Assigned task >> A word-for-word copy of the listing is what's needed; leave out every image.

The data >>
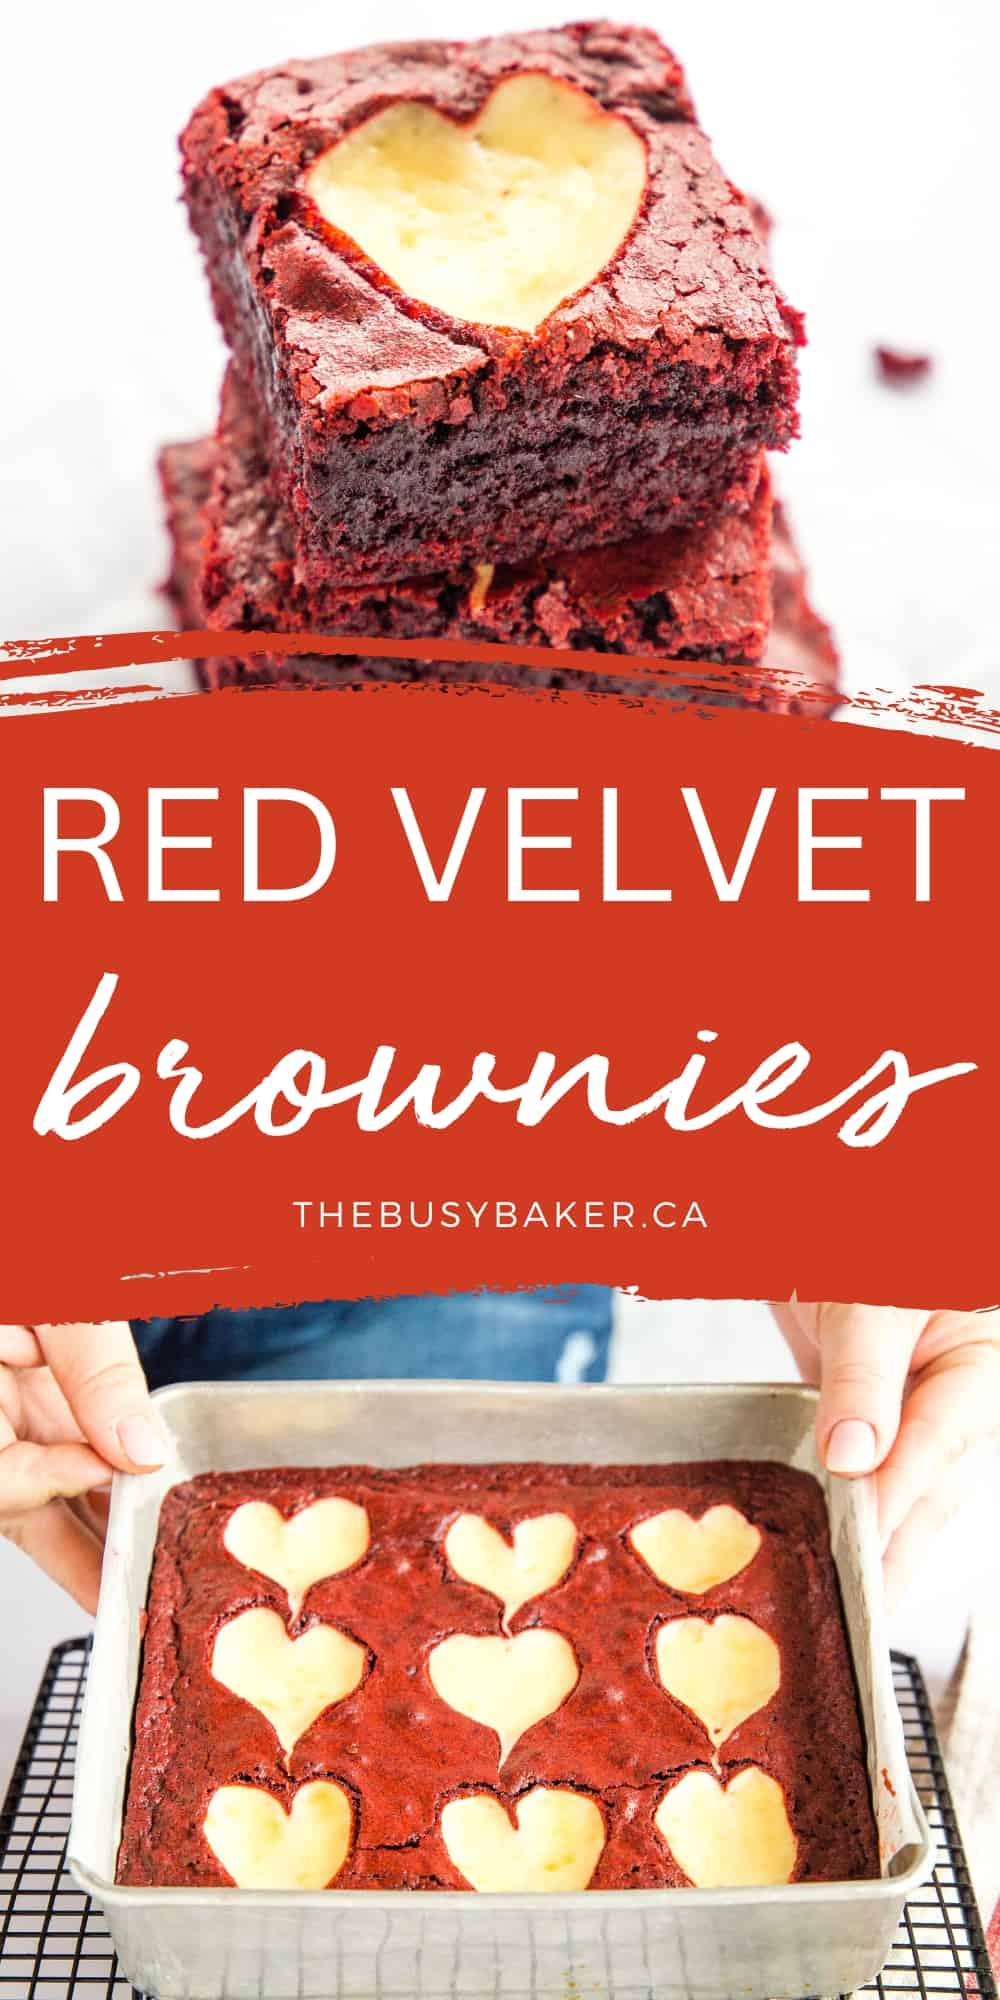 These Red Velvet Brownies are the perfect simple Valentine's Day dessert - moist, fudgey, rich and chocolatey, with an easy cheesecake topping! Recipe from thebusybaker.ca! #redvelvetbrownies #redvelvet #brownies #valentinesdaydessert #dessert #treat #sweet #homemade #baking #browniesrecipe #cheesecakebrownies #heartbrownies #heartshapeddessert via @busybakerblog
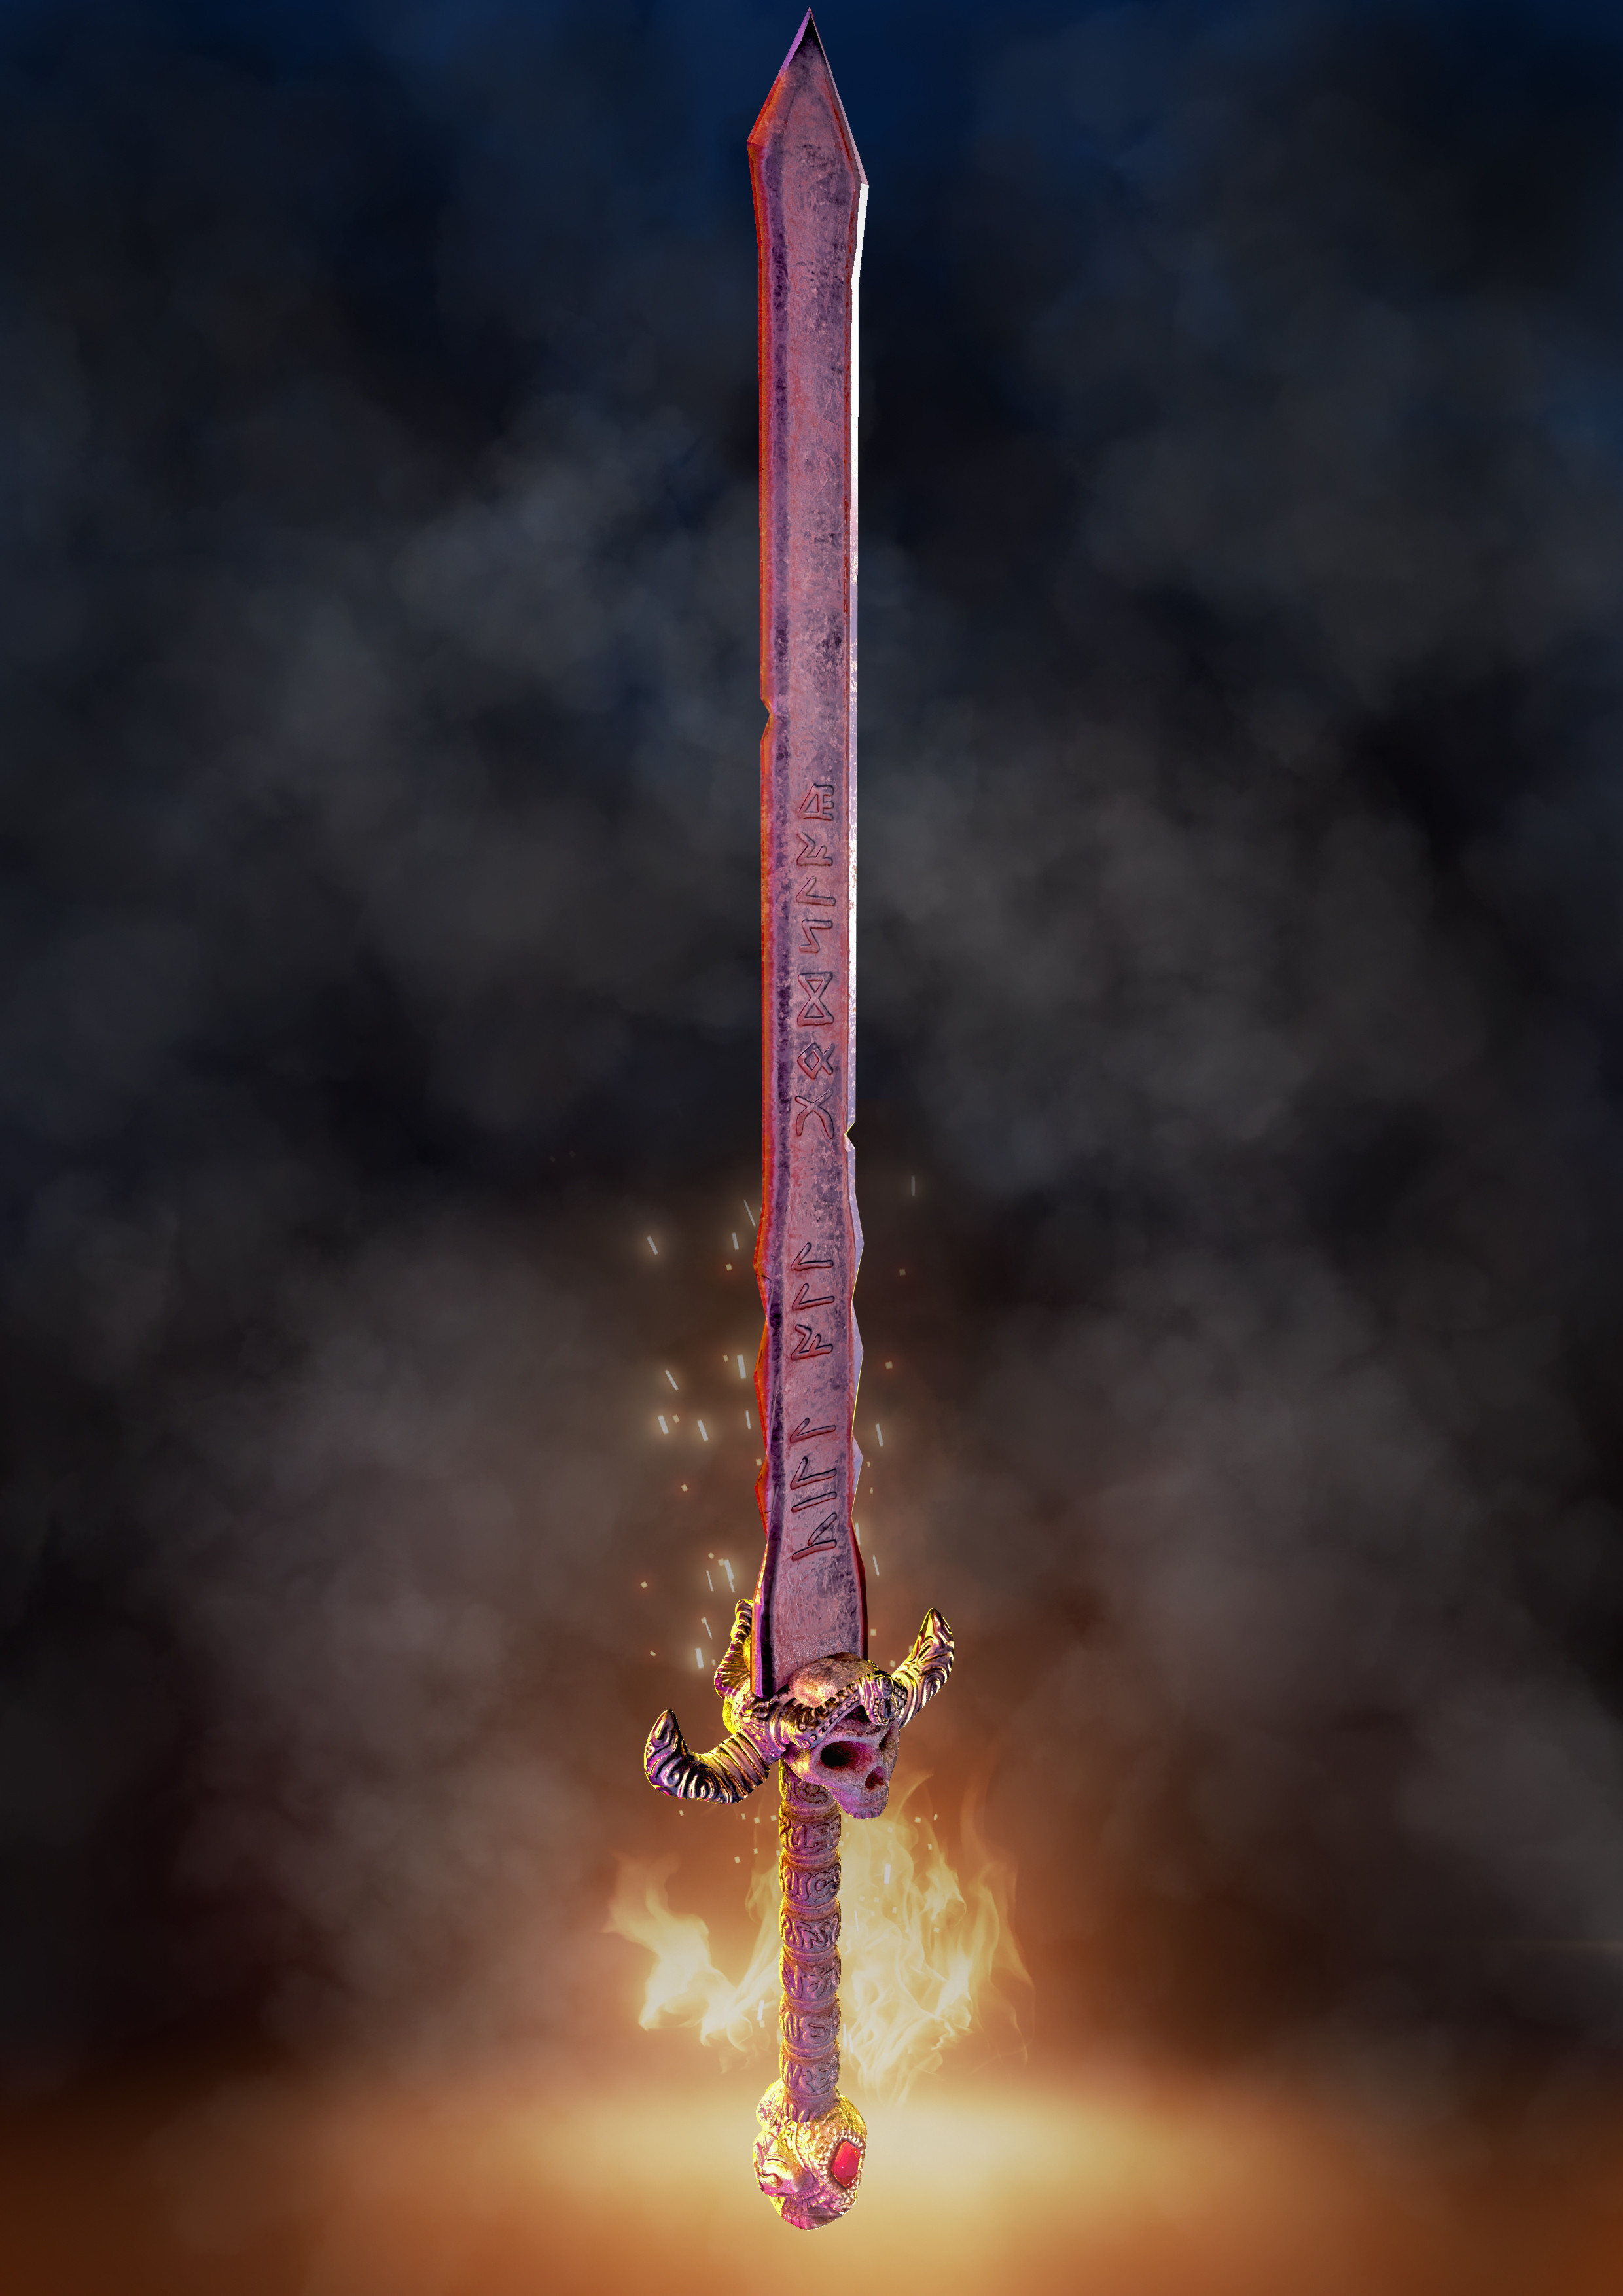 Been practising with Arnold renderer yesterday. Modelled this wee little low poly sword and textured it yesterday.
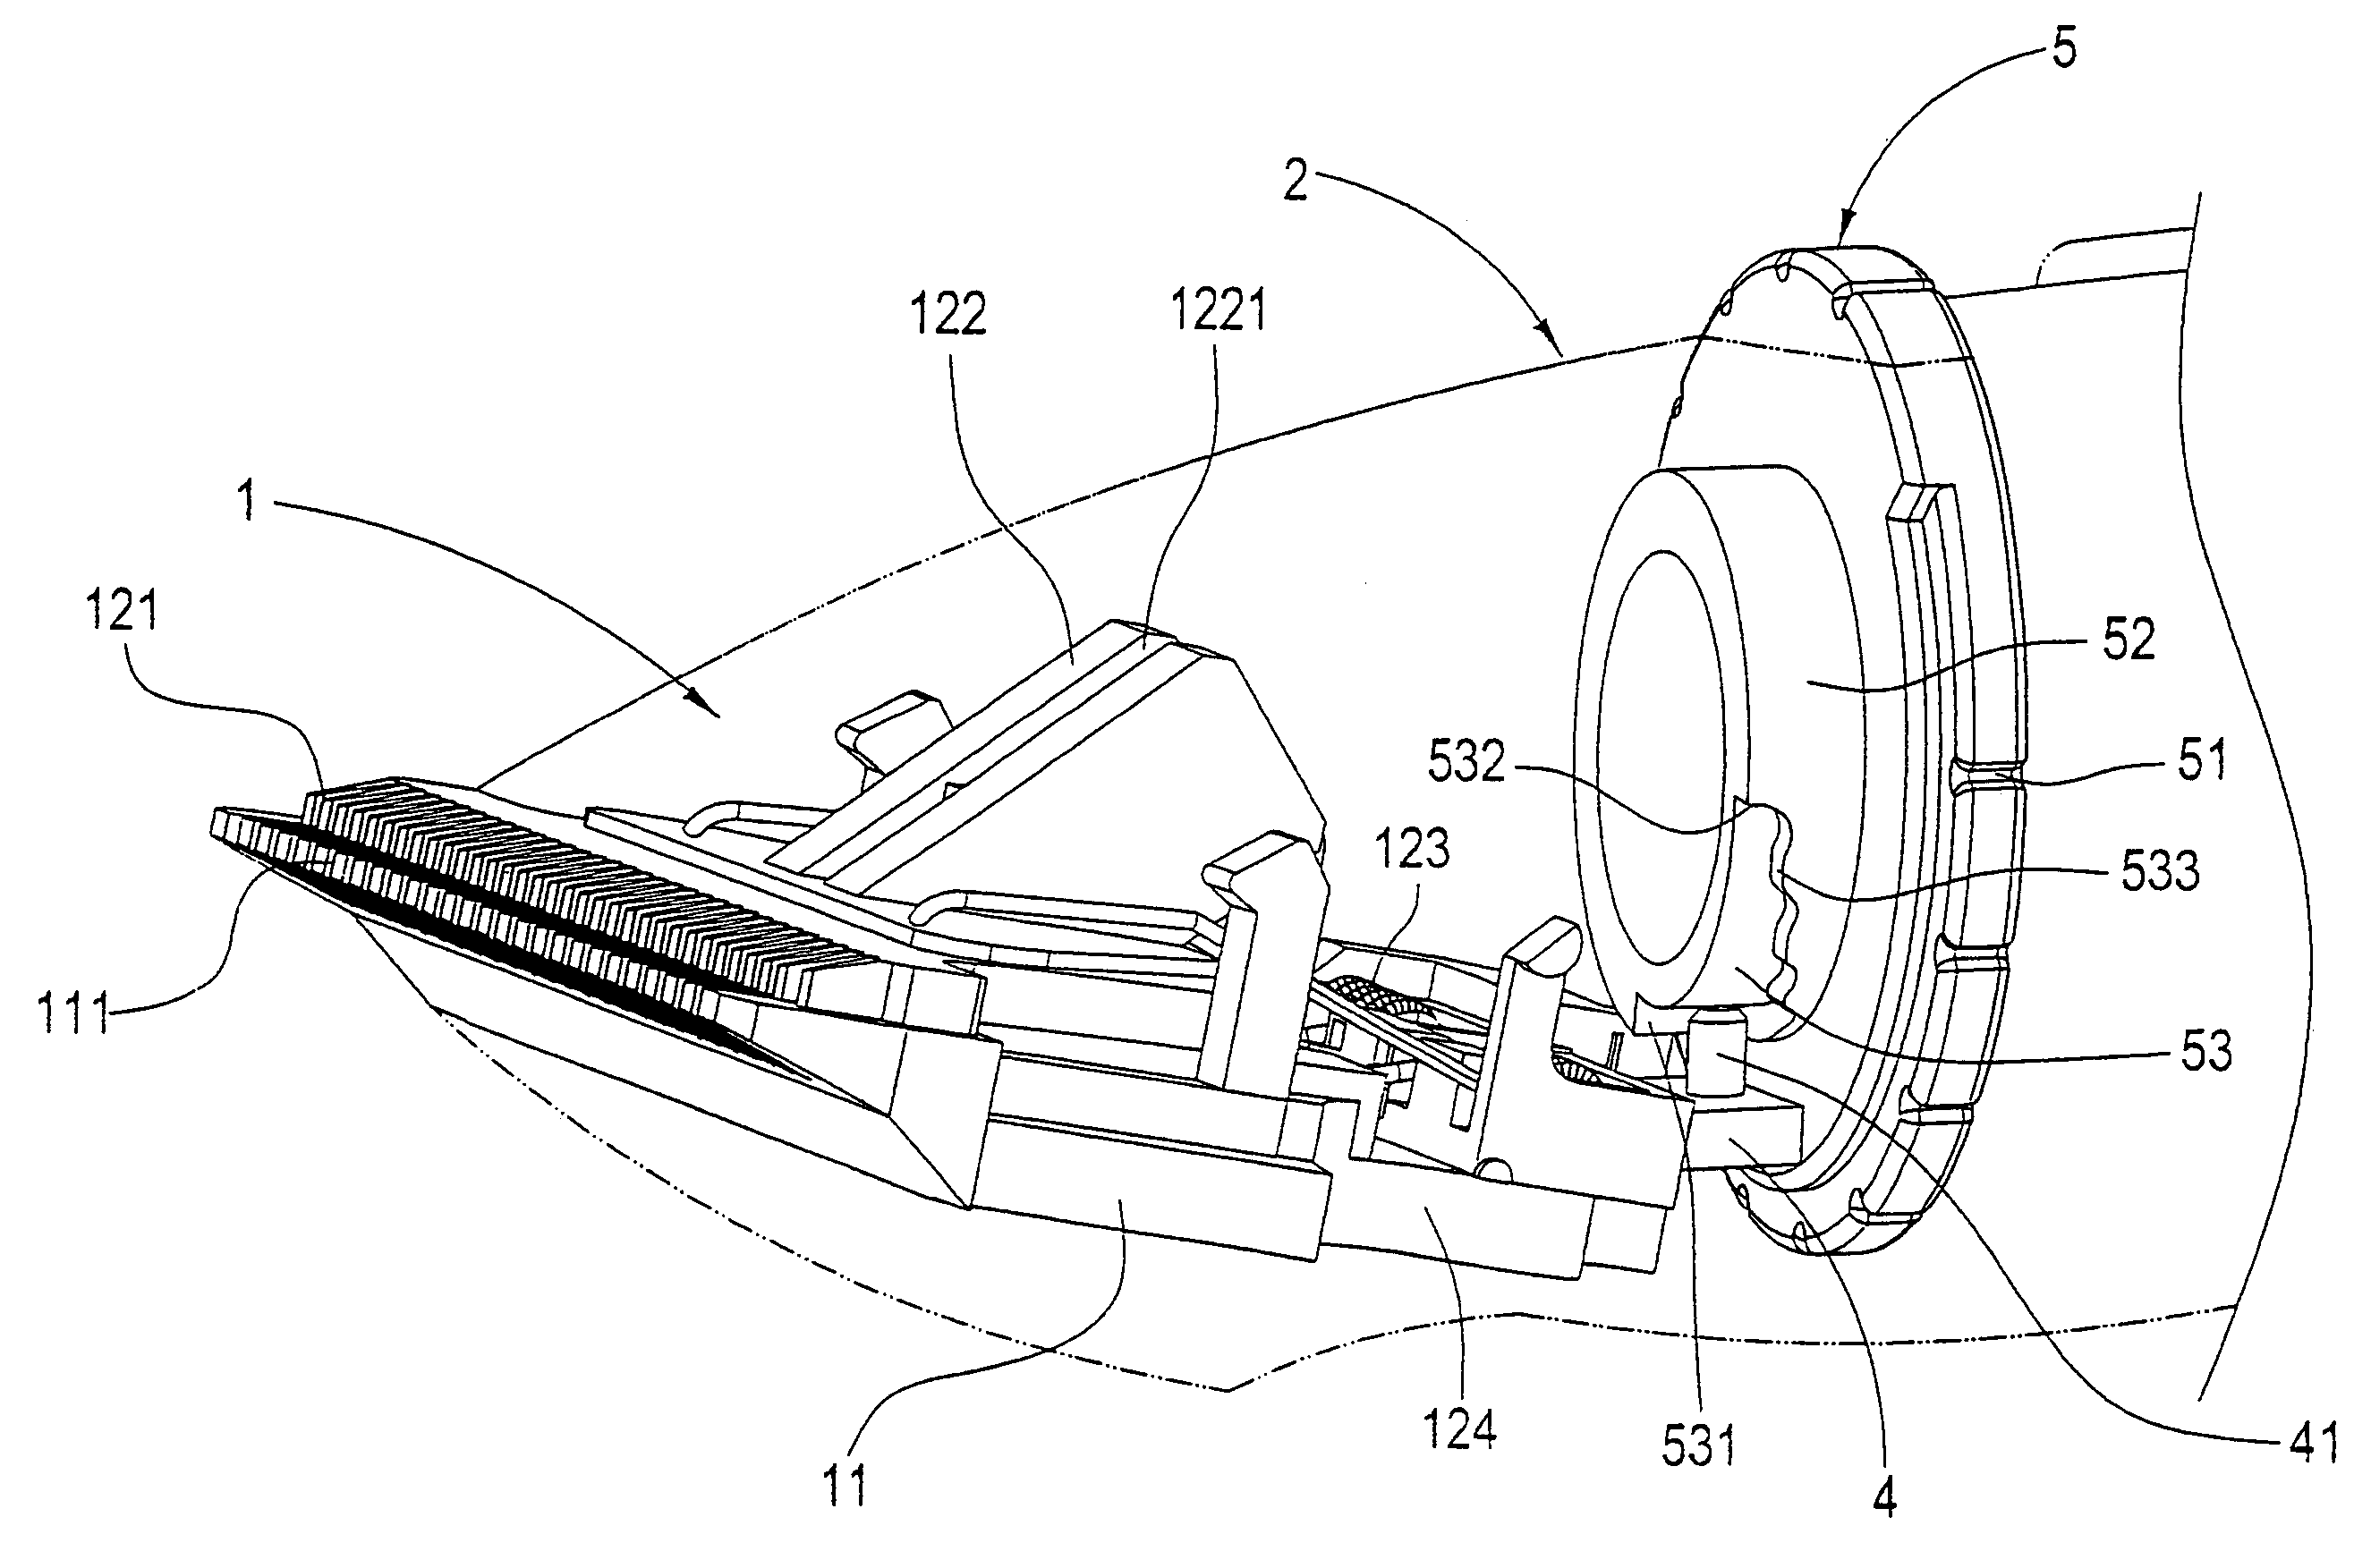 Adjustable apparatus for hair clipper

Response box >>
 These Red Velvet Brownies are the perfect simple Valentine's Day dessert - moist, fudgey, rich and chocolatey, with an easy cheesecake topping! Recipe from thebusybaker.ca! #redvelvetbrownies #redvelvet #brownies #valentinesdaydessert #dessert #treat #sweet #homemade #baking #browniesrecipe #cheesecakebrownies #heartbrownies #heartshapeddessert via @busybakerblog
 Been practising with Arnold renderer yesterday. Modelled this wee little low poly sword and textured it yesterday.
 Adjustable apparatus for hair clipper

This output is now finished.